I have passed the one-year mark of unemployment. Six month old mail sits unopened on my desk. Each day bleeds into the next, marked only by the passage of calendar pages and rare occasions (a baby shower here, a dinner out with friends there). A good day is one in which nothing specifically rotten happens and dinner is tasty and my sister consents to watching some silly reality schlock or a decent detective show with me before bed. Entire days pass during which I speak to no one beyond these four walls. I still sleep 8 to 10 hours a night and often nap  in the afternoon. The easiest hours of any day are between 5 and 10.

I haven’t cleaned out my car or had a hair cut, gone to the movies or written anything longer than a six paragraph e-mail.  The herb garden that died on   the side porch in June is still a terra cotta graveyard of twigs, now half-hidden by the branches of the rose tree, which spill over the fence from the next-door neighbor’s backyard. I am incaipable of making decisions. I frequently drop things for no discernable reason.  I rarely pick up the phone when it rings, no matter who might be on the other end of the line.
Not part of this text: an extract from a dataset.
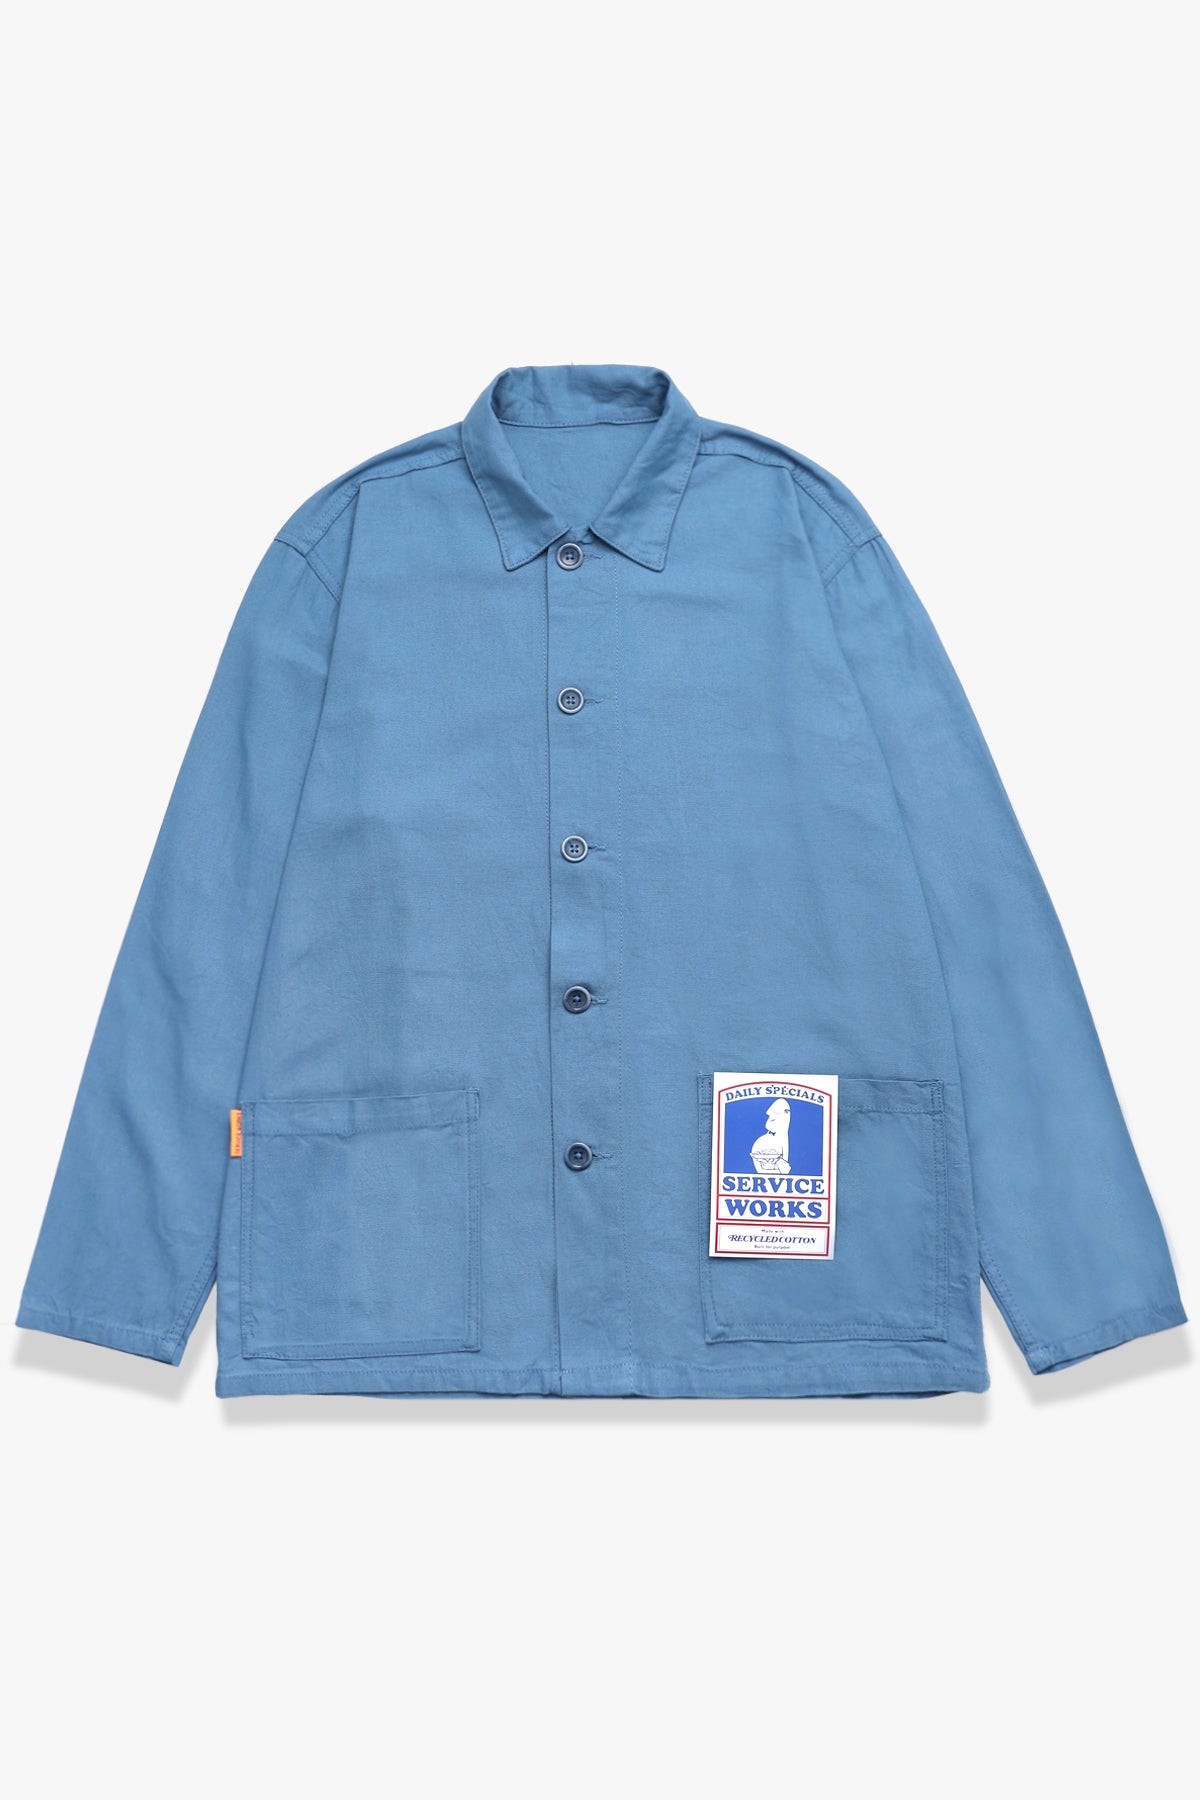 Service Works - Trade Jacket - Work Blue

I check my e-mail once every couple of days and have stopped trying to explain myself to old friends who take such things personally.

Anger is still the easiest emotion to sink into , or maybe I should say that it is where I feel safest. And there are plenty of things to get angry about. The state of our healthcare system, the state of the union, the state of my relationship with this person or that one … yes, angry suits me just fine and is a fearless barrier to the terror of grief. Tenderness is ok sometimes too, especially in light of the baby girls that have been popping up every couple of months, ’round the edges of my life, first Noelle, then darling Eilidh and now a grand-niece Christine. What I feared might be too sad, is surprisingly soothing and sweet.

The grief though, stalks me day and night. Always over my shoulder, or winking from some corner, even at the best of moments. She is my silent companion, waiting and hoping and begging for you and I to say her name.